David walked, wandering around the streets and the crowds of people for about an hour, not knowing why he was even here, but he felt as if something were calling him here - summoning him here. Now that he was here, however, he didn't know what came next. He walked into many of the tourist shops and marvelled at all the worthless junk that one could purchase with the phrase "The Biggest Little City in the World" stamped across it. After awhile, however, the shops lost their novelty and it seemed that he was seeing all the same stuff over and over again. On a lark, he walked outside and just kept walking. It was getting to be late morning now, and David was beginning to feel that he already had a pretty good grasp of the downtown area after just walking around for a few hours. In fact, he mused, he probably had a better understanding of the idiocyncrasies of the layout than many Reno residents. This, in fact, was probably true, seeing as how most residents of cities with downtown areas actually never 'go downtown' for anything. That was certainly true of his hometown. The dare, in fact, was one of the few times that David had actually graced his city's tourist hub with his presence, and his friends knew it - hence the bet in the first place. What he hadn't known, however, was how dangerous a place can be after dark. During the daytime, the throngs of tourists make a place seem rather innocuous - tame, even - but after dark, that all changes. He suspected that the same was probably true for Reno, as well, and he immediately decided that he better formulate a plan for himself, get a room at least, before nightfall. He wasn't too worried about it, however, as he still had time, and he was sure there were probably several places in this place that would give him a room, even without any form of identification.

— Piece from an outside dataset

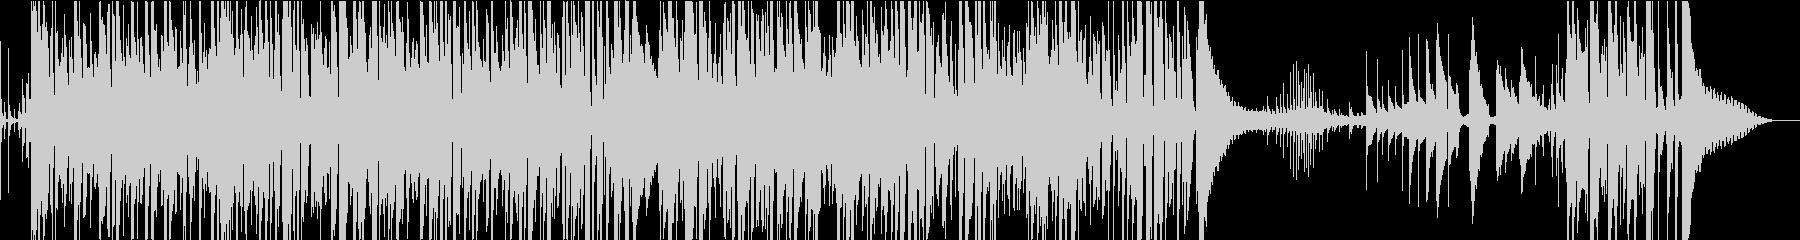 ショパンのノクターン・ギターインストの未再生の波形
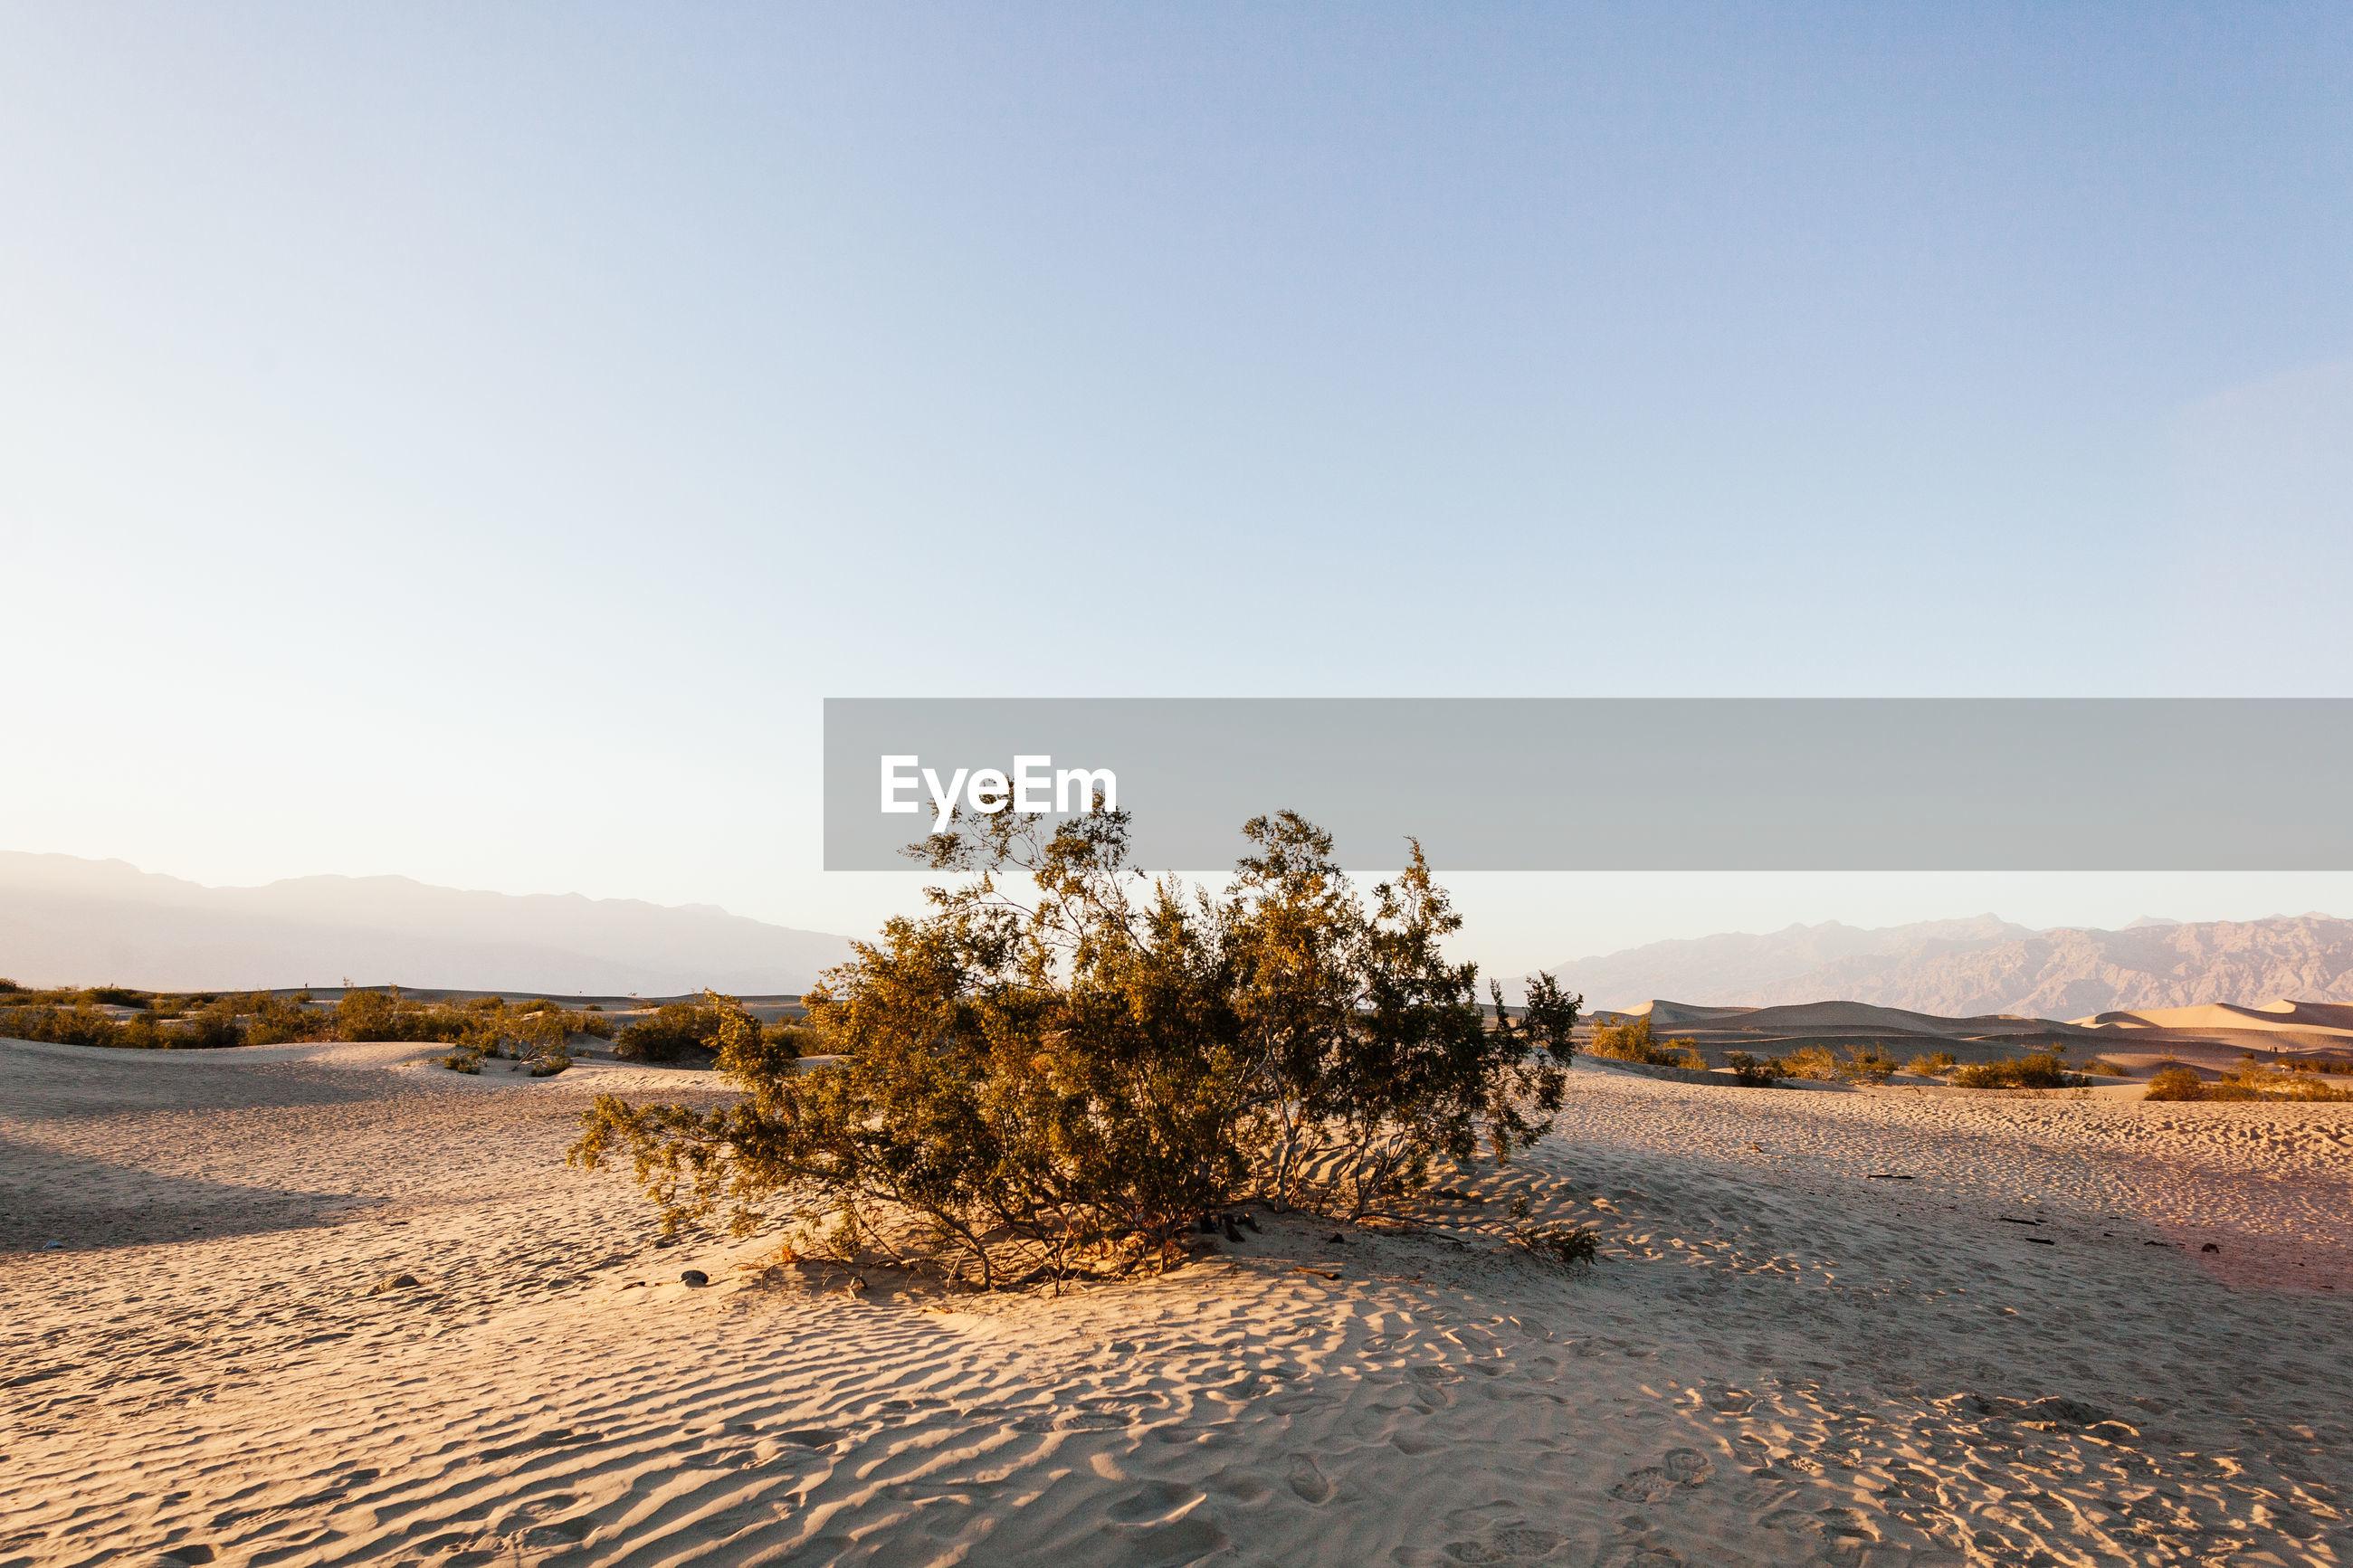 Bush in mojave desert against sky

Maybe not one of the big hotel casinos, but any number of the side street motel lodges would probably take a cash payment without raising an eyebrow. David was proud of his street smarts, although he wasn't really sure where or how he'd acquired them. One brief encounter - disaster really - doesn't make someone king of the streets, he told himself, but he felt a lot more illuminated as to the realities of the real world, like his eyes had been suddenly opened to a whole other world.

As he was so reflecting, a thought popped into his head - straight out of the blue, not even a word he'd ever heard before in his admittedly short life: "Idlewild."